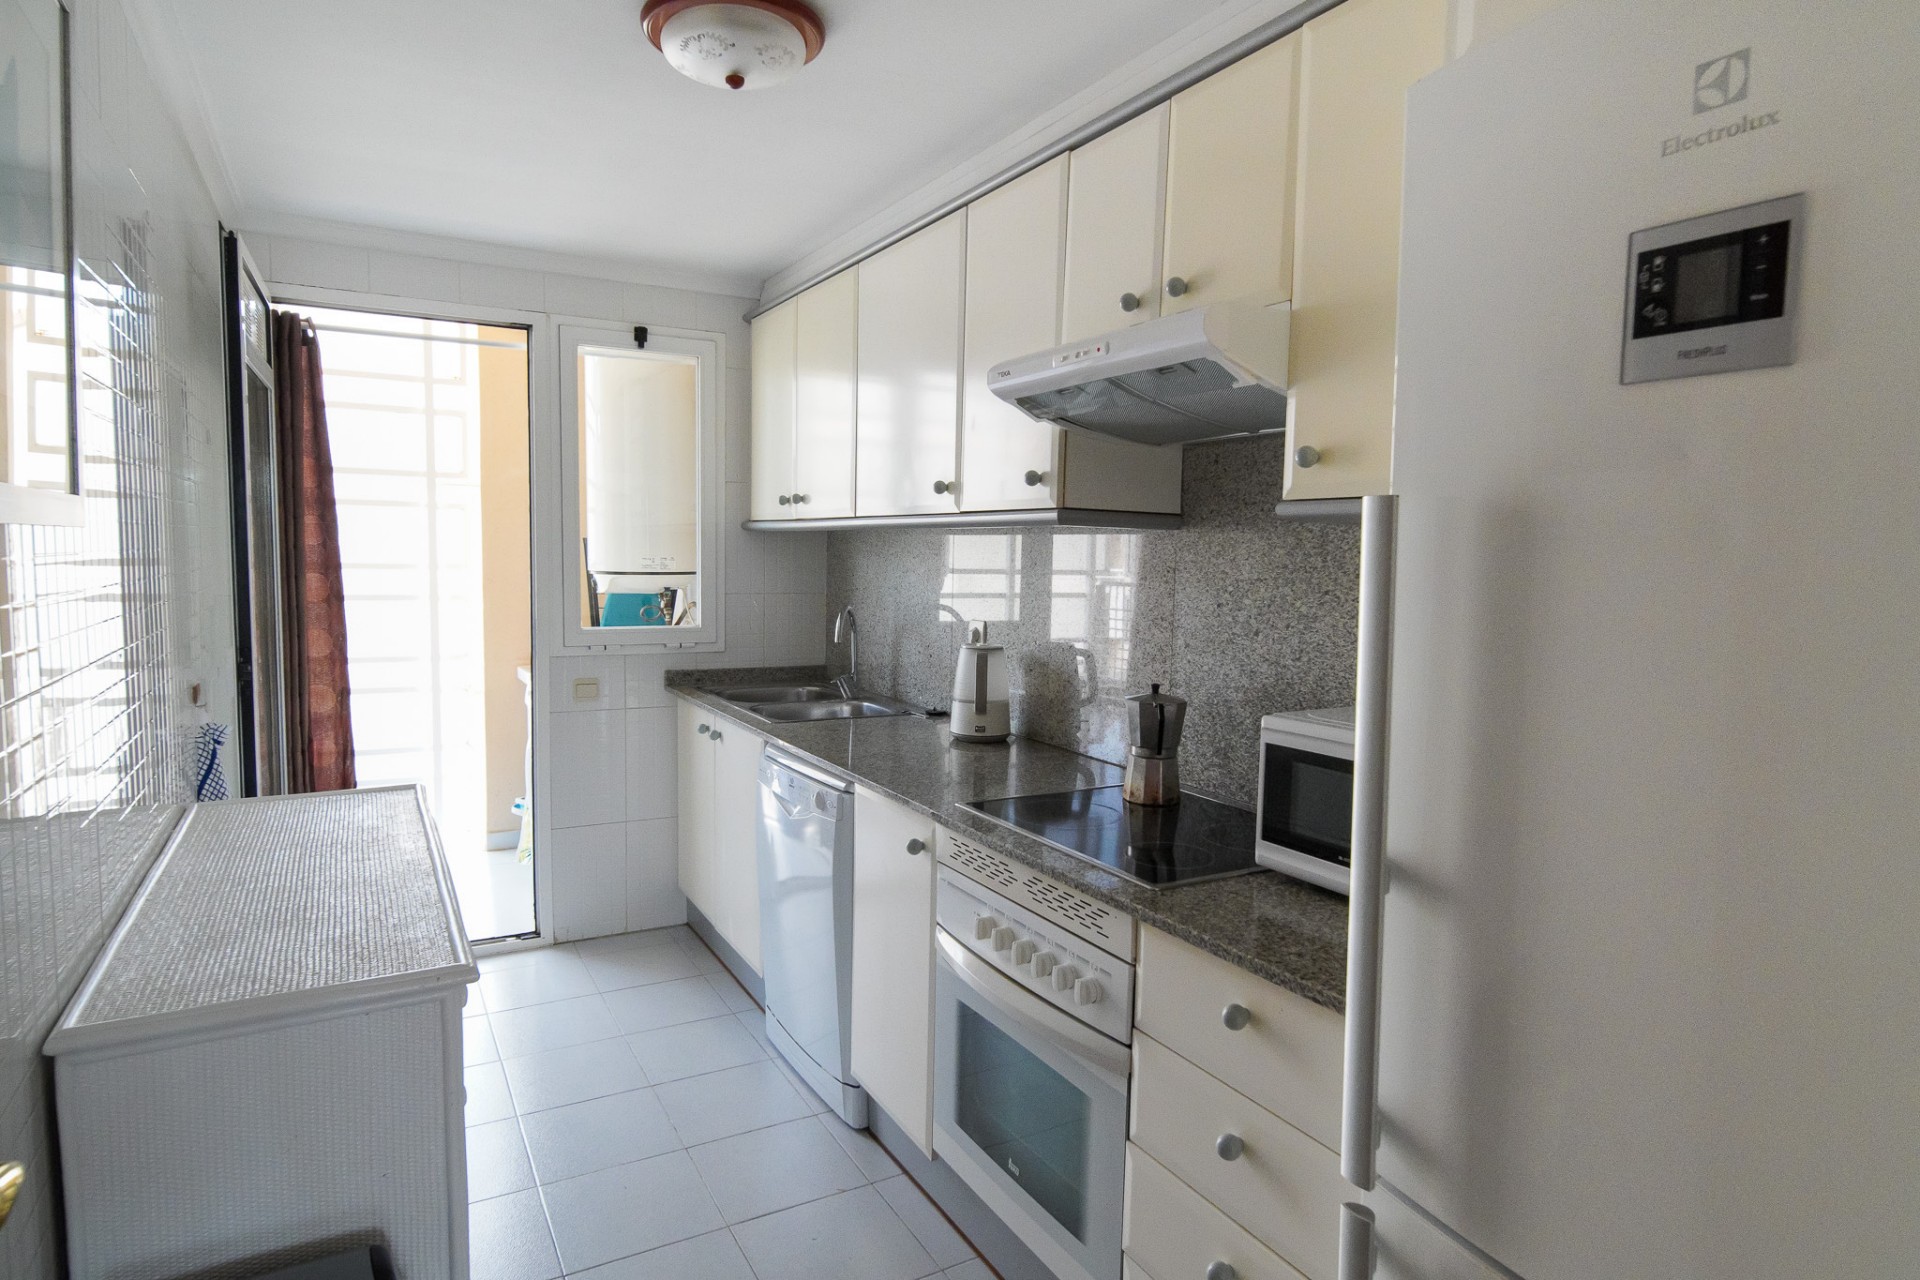 Three Bedroom Penthouse For Sale In Javea's Arenal Beach
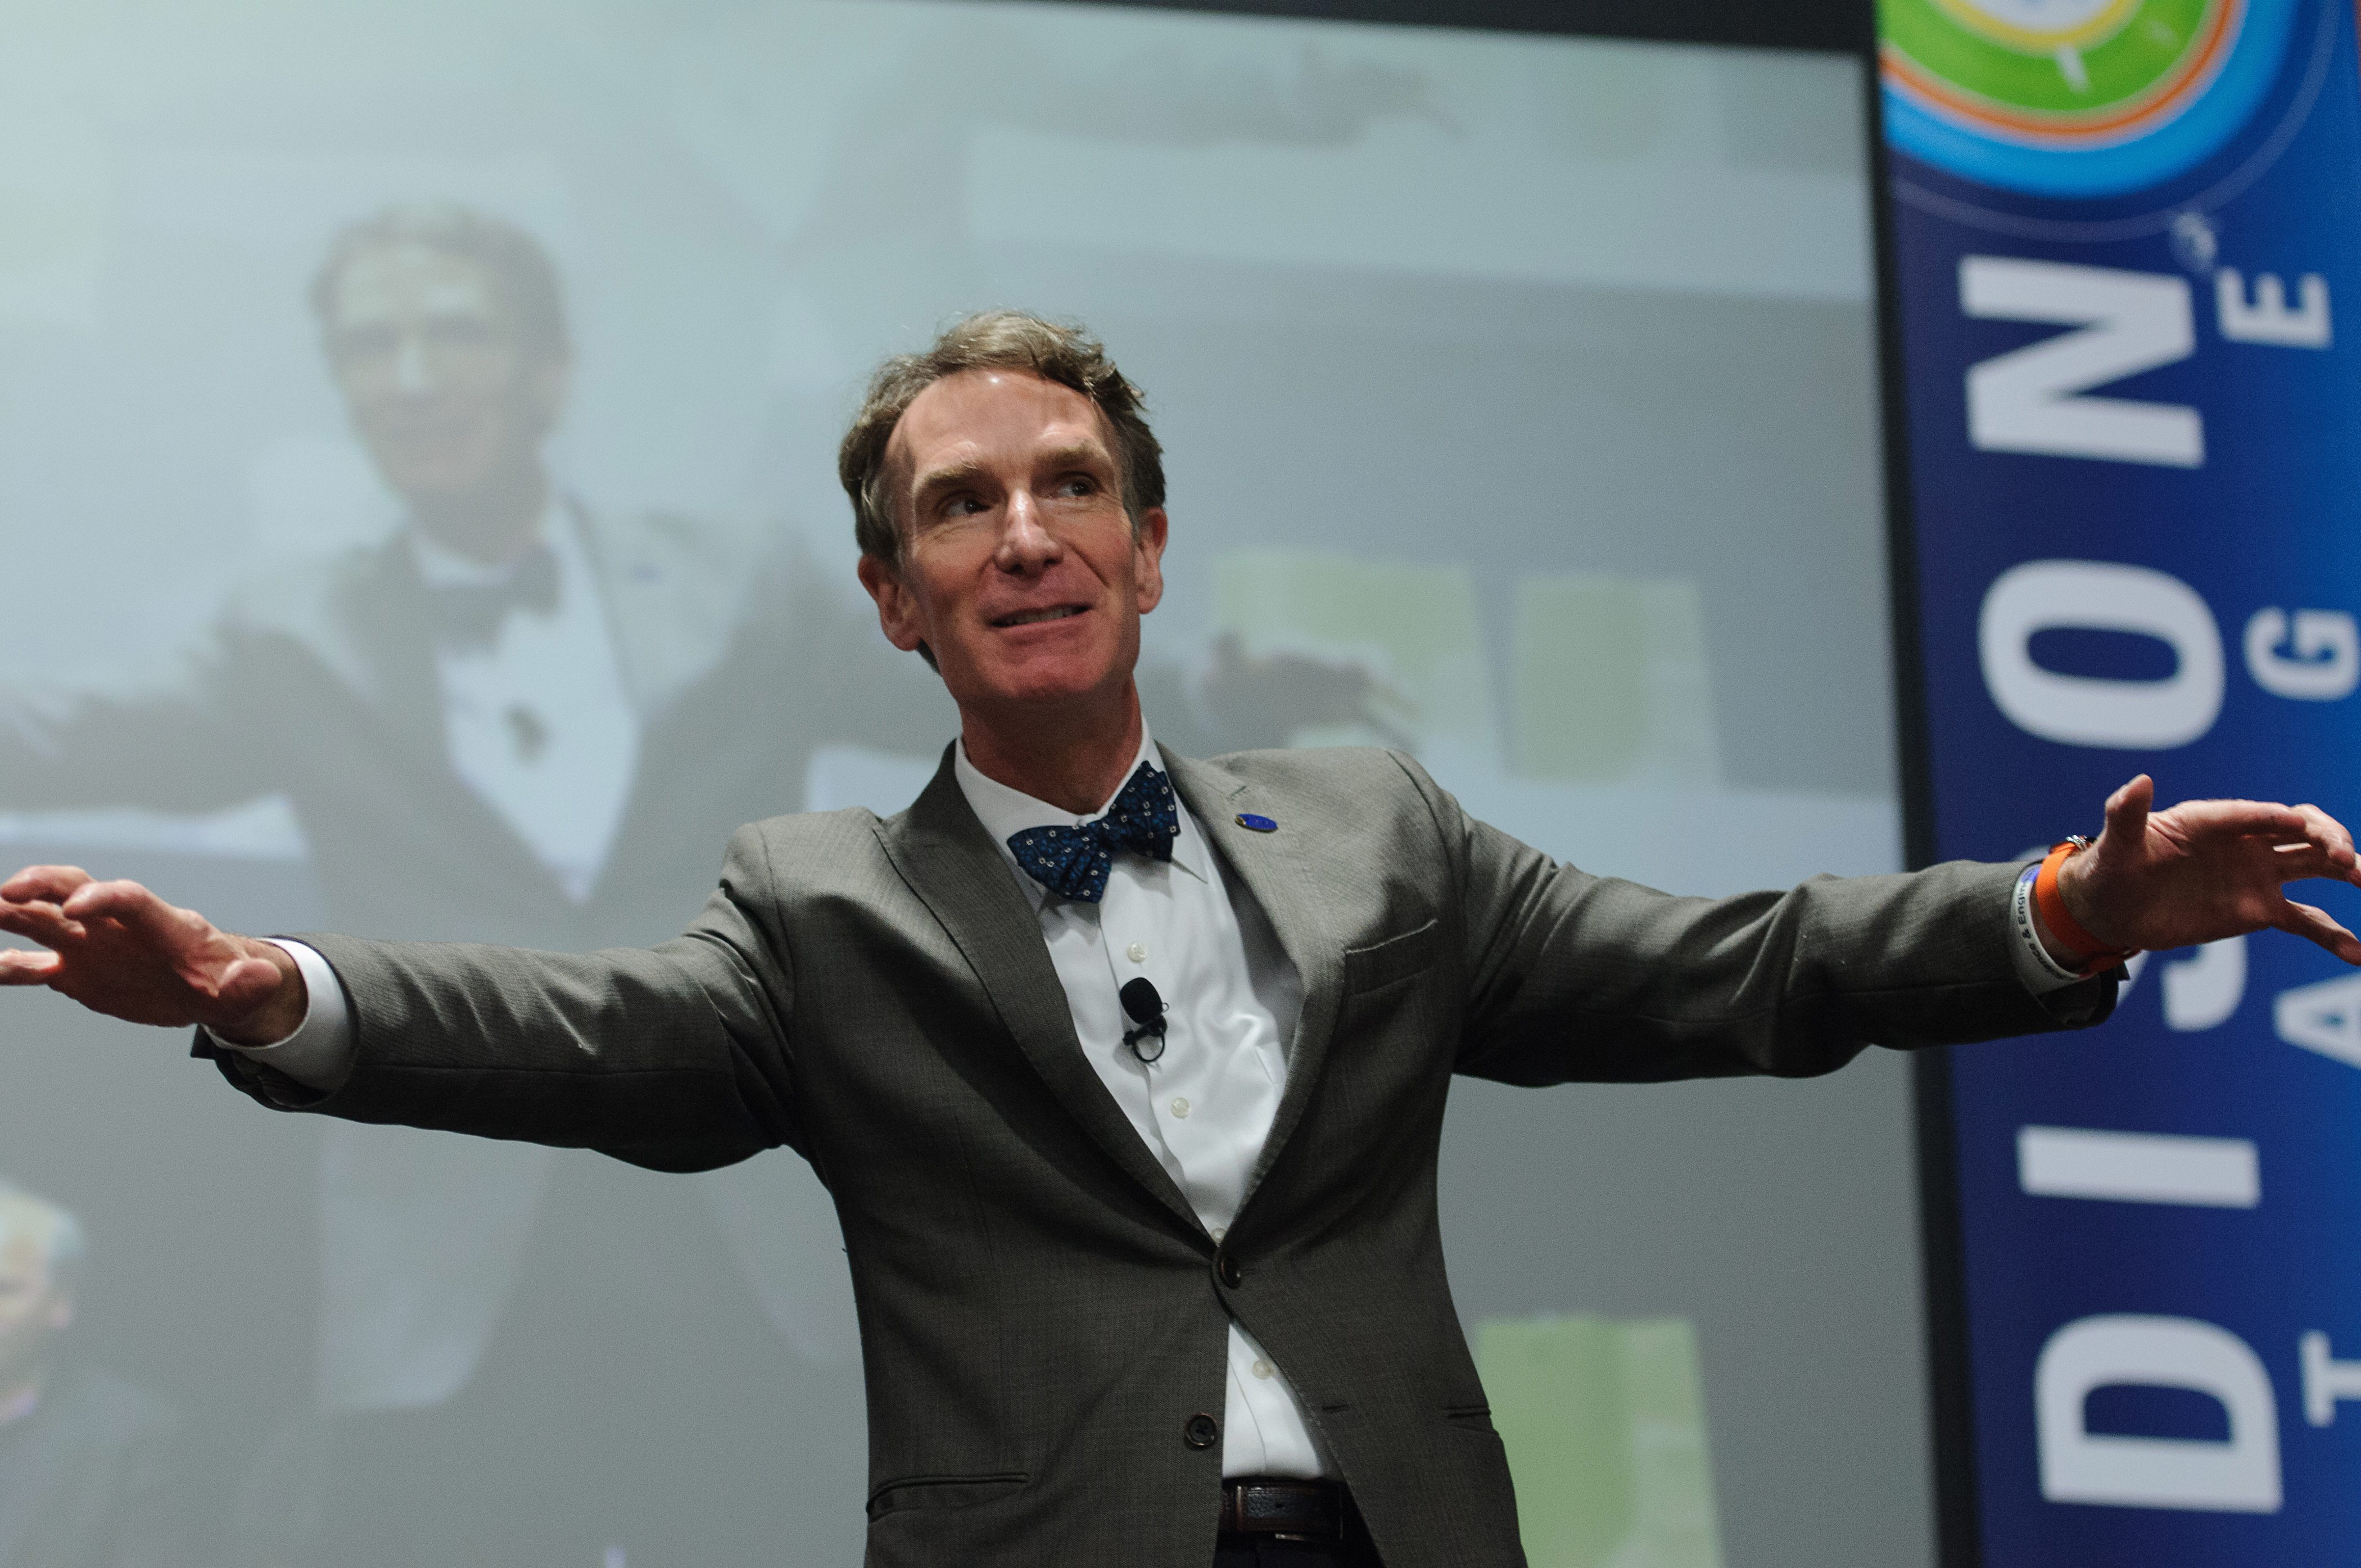 Bill Nye Open To Criminal Charges Jail Time For Climate Change Dissenters Washington Times - bill nye the science guy song roblox
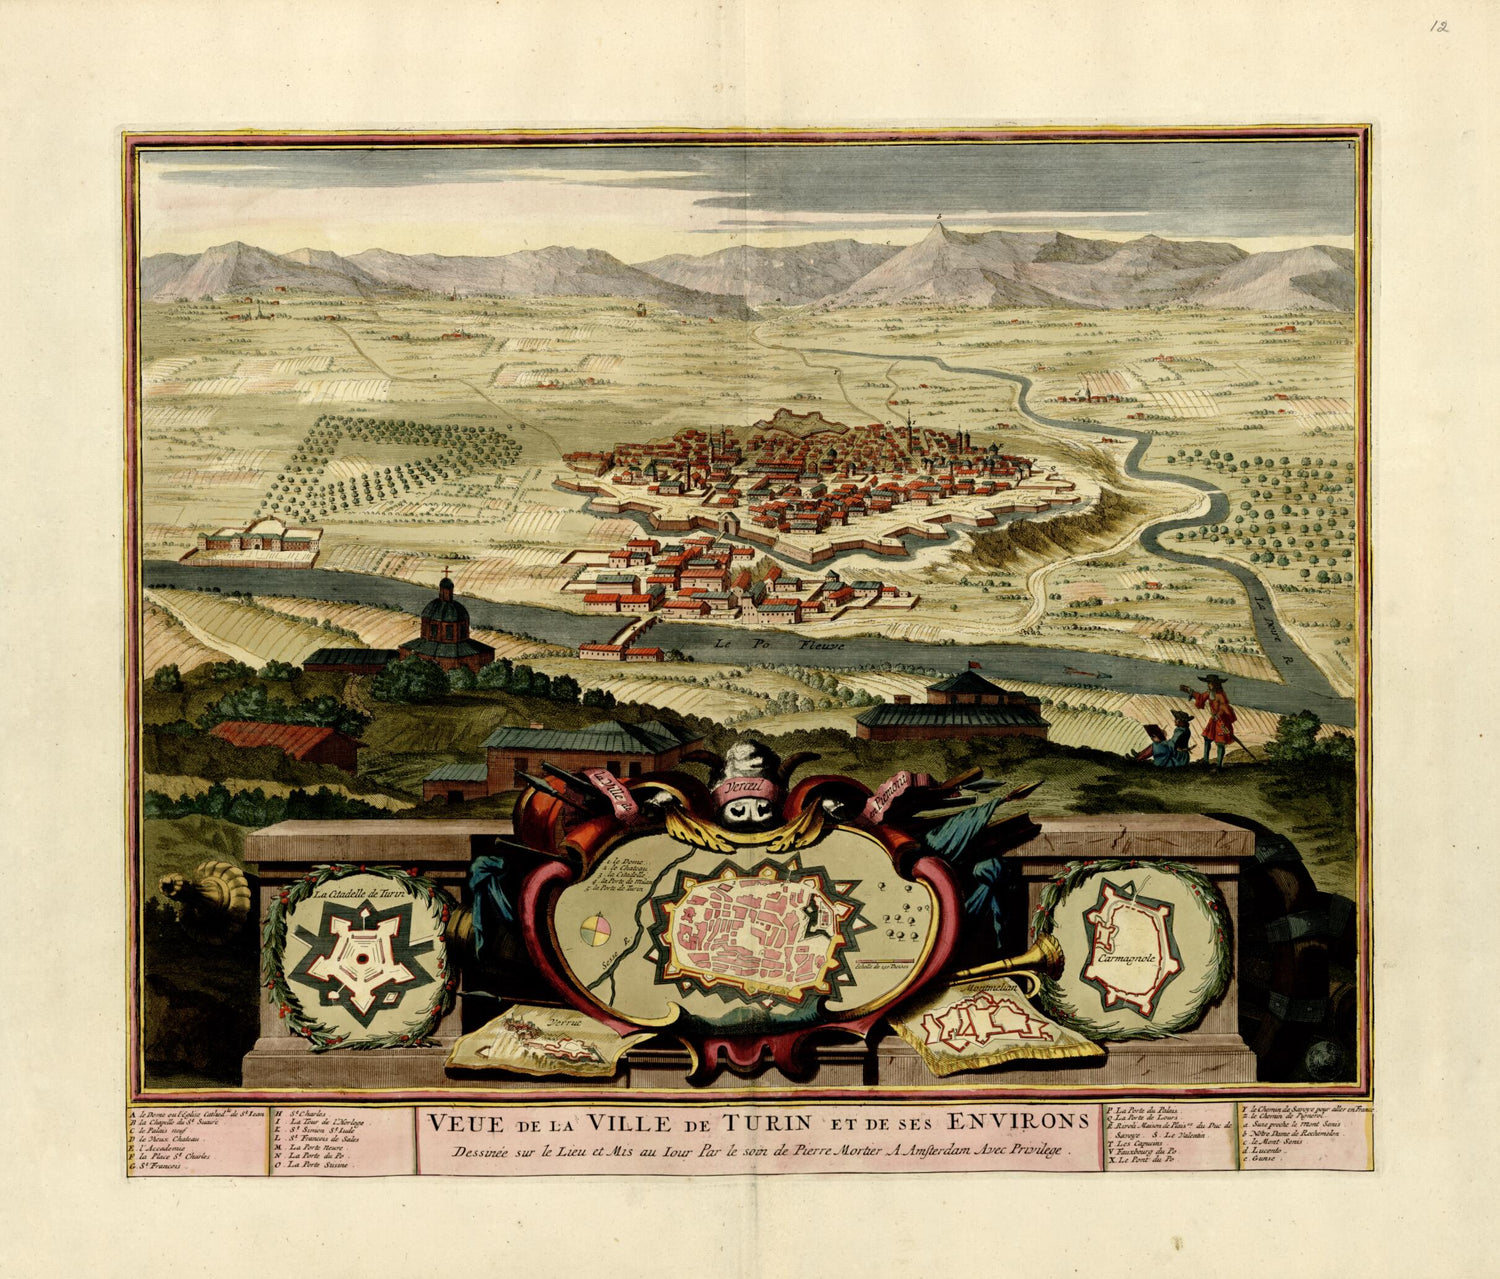 This old map of Veue De La Ville De Turin Et Ses Environs from a Collection of Plans of Fortifications and Battles, 1684-from 1709 from 1709 was created by Anna Beeck in 1709
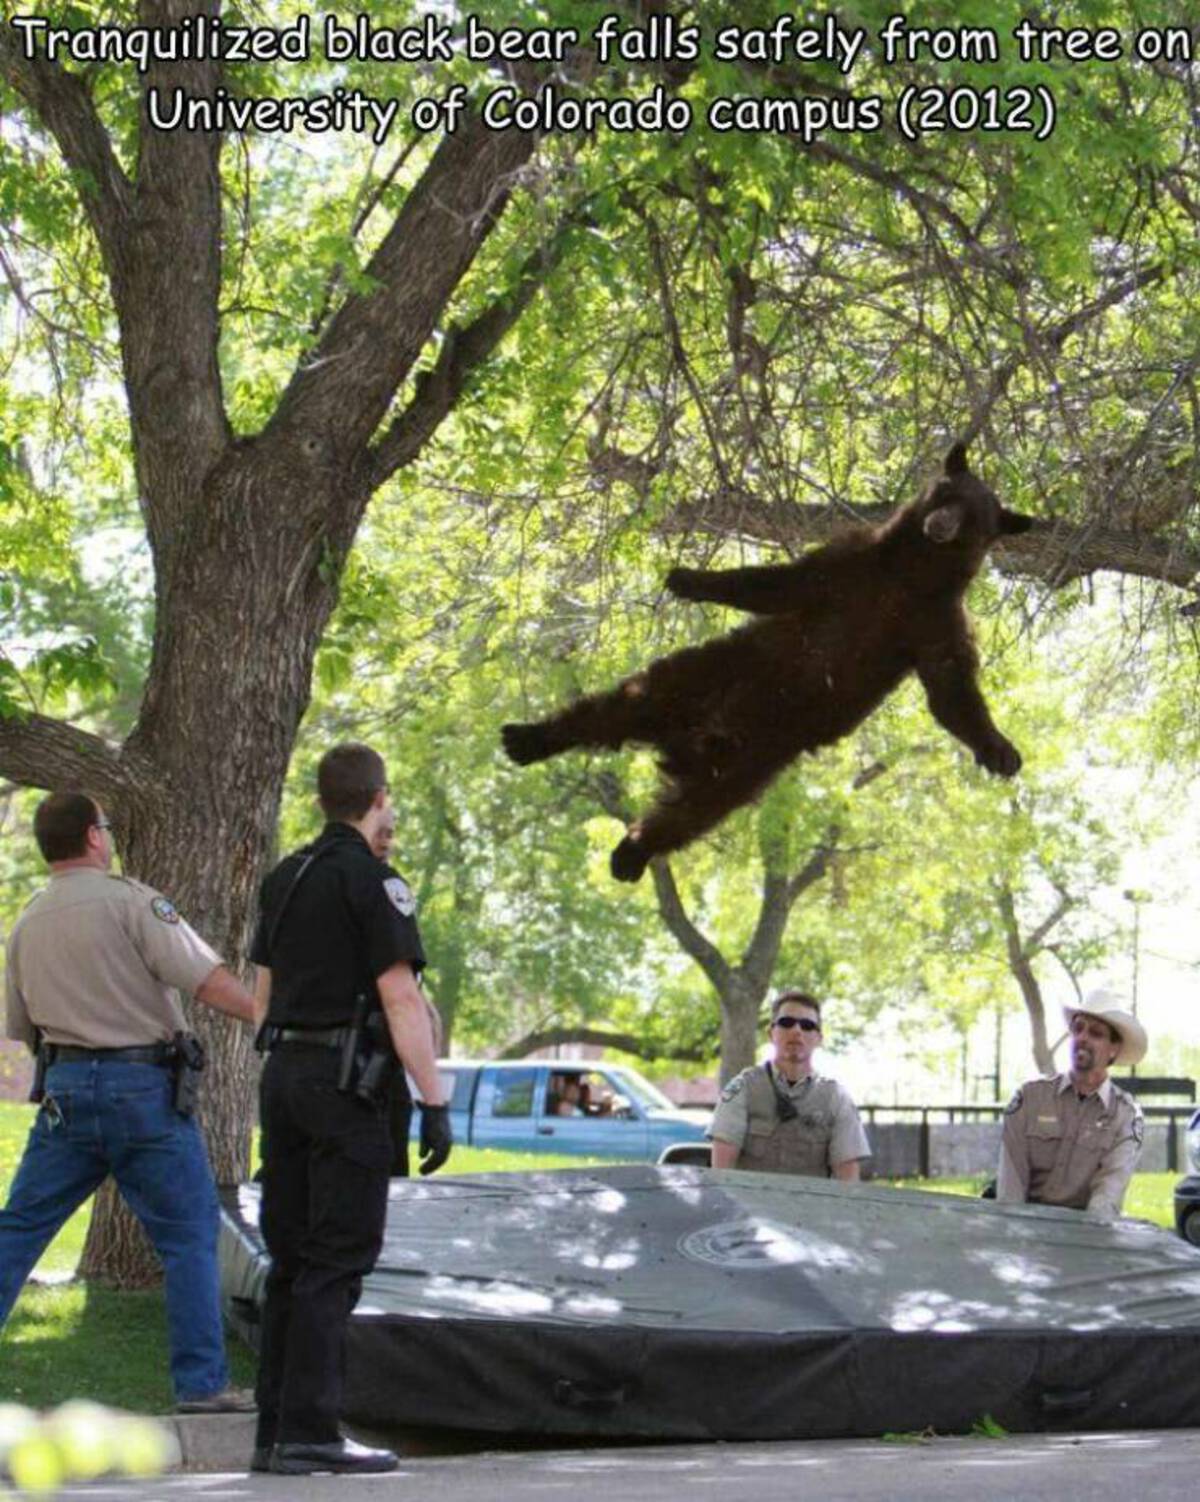 bear on trampoline meme - Tranquilized black bear falls safely from tree on University of Colorado campus 2012

════════════════════

Please set down the whole listing exactly, apart from the pictures.

* Answer to the problem *
 Three Bedroom Penthouse For Sale In Javea's Arenal Beach
 Bill Nye Open To Criminal Charges Jail Time For Climate Change Dissenters Washington Times - bill nye the science guy song roblox
 This old map of Veue De La Ville De Turin Et Ses Environs from a Collection of Plans of Fortifications and Battles, 1684-from 1709 from 1709 was created by Anna Beeck in 1709
 bear on trampoline meme - Tranquilized black bear falls safely from tree on University of Colorado campus 2012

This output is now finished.